◆ What is expected
Of the lines below, copy those that hold the word "Image".

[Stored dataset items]
_____

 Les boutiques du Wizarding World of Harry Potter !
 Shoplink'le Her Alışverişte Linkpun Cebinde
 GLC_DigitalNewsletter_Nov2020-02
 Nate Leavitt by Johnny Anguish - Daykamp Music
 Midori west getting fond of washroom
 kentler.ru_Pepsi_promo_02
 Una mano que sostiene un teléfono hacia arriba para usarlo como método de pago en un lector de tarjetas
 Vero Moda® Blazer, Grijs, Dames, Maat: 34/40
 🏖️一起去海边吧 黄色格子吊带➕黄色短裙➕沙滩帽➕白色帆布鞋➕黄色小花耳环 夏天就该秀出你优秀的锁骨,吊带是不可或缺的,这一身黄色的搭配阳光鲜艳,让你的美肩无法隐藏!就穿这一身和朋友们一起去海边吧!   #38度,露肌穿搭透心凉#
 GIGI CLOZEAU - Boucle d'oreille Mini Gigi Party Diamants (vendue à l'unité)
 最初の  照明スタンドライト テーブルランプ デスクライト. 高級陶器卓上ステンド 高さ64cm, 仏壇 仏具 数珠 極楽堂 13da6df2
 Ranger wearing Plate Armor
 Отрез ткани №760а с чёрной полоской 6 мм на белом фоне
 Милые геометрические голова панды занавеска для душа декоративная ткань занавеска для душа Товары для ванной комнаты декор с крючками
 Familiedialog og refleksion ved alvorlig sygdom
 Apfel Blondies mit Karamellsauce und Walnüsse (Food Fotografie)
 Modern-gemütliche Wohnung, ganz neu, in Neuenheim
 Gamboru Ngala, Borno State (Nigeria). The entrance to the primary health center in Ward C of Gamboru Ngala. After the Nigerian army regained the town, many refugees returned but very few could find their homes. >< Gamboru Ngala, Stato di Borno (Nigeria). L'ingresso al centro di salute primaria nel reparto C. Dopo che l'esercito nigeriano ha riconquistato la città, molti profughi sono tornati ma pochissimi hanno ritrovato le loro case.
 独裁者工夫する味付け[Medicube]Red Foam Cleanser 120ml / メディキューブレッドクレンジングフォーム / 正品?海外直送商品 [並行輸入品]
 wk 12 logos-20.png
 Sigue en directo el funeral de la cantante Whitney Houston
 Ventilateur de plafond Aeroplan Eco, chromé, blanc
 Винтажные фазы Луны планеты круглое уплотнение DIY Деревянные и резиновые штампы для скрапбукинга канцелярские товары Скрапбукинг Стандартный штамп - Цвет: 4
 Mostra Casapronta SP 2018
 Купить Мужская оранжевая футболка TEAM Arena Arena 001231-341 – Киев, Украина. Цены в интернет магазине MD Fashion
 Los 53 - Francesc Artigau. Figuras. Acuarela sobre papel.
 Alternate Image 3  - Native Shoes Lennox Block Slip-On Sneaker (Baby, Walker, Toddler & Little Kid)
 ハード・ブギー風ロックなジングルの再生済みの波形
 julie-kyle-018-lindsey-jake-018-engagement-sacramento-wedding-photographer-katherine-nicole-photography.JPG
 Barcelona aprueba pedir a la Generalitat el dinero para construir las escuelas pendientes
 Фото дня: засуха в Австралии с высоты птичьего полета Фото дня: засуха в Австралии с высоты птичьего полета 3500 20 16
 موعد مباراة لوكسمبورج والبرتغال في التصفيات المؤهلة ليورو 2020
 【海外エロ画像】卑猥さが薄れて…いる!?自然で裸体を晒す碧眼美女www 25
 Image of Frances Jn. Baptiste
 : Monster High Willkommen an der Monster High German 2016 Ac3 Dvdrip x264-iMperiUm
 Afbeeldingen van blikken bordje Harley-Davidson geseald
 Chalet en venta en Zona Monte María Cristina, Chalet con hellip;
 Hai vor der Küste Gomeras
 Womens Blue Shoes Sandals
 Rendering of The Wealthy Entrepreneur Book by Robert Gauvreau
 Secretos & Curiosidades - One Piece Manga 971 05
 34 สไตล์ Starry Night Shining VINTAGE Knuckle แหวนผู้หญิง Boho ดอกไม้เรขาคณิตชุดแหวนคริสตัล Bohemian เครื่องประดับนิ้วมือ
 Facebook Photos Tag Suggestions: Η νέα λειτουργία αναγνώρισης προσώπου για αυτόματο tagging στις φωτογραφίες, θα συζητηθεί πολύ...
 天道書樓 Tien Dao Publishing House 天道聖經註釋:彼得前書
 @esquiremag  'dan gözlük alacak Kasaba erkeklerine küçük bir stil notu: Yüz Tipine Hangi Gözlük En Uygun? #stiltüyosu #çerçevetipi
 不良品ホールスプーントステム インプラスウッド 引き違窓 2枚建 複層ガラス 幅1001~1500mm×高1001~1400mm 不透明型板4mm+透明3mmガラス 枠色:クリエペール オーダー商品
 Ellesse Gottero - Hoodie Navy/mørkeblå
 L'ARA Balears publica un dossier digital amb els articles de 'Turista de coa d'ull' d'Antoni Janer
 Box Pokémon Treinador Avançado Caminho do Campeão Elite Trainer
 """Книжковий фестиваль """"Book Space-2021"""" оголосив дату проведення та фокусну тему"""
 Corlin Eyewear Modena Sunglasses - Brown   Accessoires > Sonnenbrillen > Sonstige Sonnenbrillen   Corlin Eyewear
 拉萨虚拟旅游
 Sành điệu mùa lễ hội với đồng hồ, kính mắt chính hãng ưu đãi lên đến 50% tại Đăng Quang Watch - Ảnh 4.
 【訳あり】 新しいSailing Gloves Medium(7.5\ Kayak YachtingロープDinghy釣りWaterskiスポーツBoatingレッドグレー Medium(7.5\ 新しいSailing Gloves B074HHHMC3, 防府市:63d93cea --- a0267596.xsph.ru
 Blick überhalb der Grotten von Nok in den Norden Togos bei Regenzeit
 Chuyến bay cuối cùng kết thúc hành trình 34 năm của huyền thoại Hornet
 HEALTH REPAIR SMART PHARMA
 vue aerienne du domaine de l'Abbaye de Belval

_____

◆ Task result
 Alternate Image 3  - Native Shoes Lennox Block Slip-On Sneaker (Baby, Walker, Toddler & Little Kid)
 Image of Frances Jn. Baptiste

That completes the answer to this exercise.